At the entrance of the attic room in Theater Bellevue in Amsterdam, Arnon Grunberg, Charlotte Van den Broeck and their two fellow dancers Liah Frank and Rob Polmann nod a friendly hello to the audience. With their warm welcome, they immediately make clear that we should not expect a sacred dance performance, but a human encounter between two writers who venture far out of their comfort zone here.
However, the idea was their own. After Grunberg and Van den Broeck opened the Frankfurt Book Fair together in 2016, they wrote each other a weekly letter in this newspaper. Fear and shame were recurring themes. So the plan was born to do the most embarrassing thing they could think of: dance in front of an audience. They found a patient and generous conductor in the Dutch choreographer Nicole Beutler, so they wrote in the series of columns in which they reported on their adventure for two weeks.
Microcosm – a danced conversation opens with the four dancers in blue costumes on a blue carpet, surrounded by wooden walls.
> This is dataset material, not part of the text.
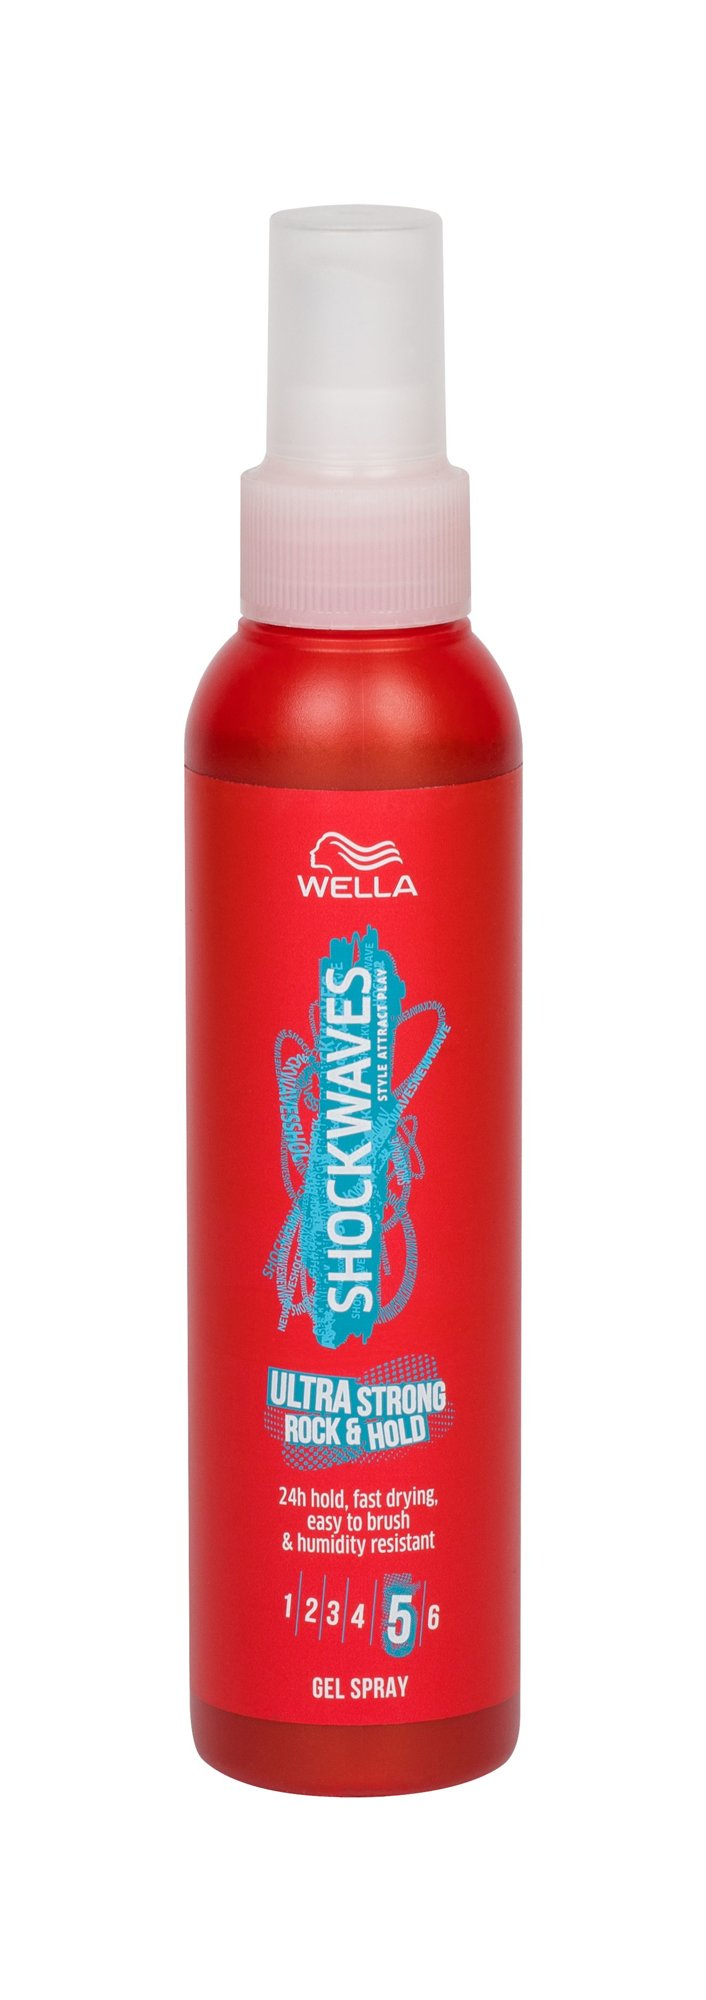 Wella Shockwaves Hair Spray 150ml

Starting from their toes, they explore the entire space, with a movement quality as fluid as water. The falling drops in Gary Shepherd's ear-pleasing electronic soundtrack make us feel like we are in an underwater world. The dancers swarm around each other, half improvising. In addition, they always just don't touch each other, as in a game of Doctor Bibber.
Van den Broeck – with the hair in a bun, nails painted red and two tree tattoos on the arm – is clearly more agile and has a greater body awareness than Grunberg, who compensates for this with his roguish look and uninhibitedness. He briefly plays a game of tennis with an invisible racket and ball. It is one of the rare concrete moments in the otherwise abstract choreography, in which the foursome embodies the microcosm in our bodies – from single-celled beings to symbiotic organisms (depicted with entangled limbs).
After fifteen minutes the language comes in. Grunberg says aloud that he suspects that some spectators hope for gloating with the dancing writers (that's not that bad: they worked hard and there is a liberating energy in their imperfection). Van den Broeck describes what it does to her, usually still, writer's body to dance. “All cells fill with air.”
Every now and then you can still see the movement assignments and some scenes could have been developed further, but as a whole Microcosm is an enjoyable dance performance. It's over after less than an hour, but the joy of dancing is infectious.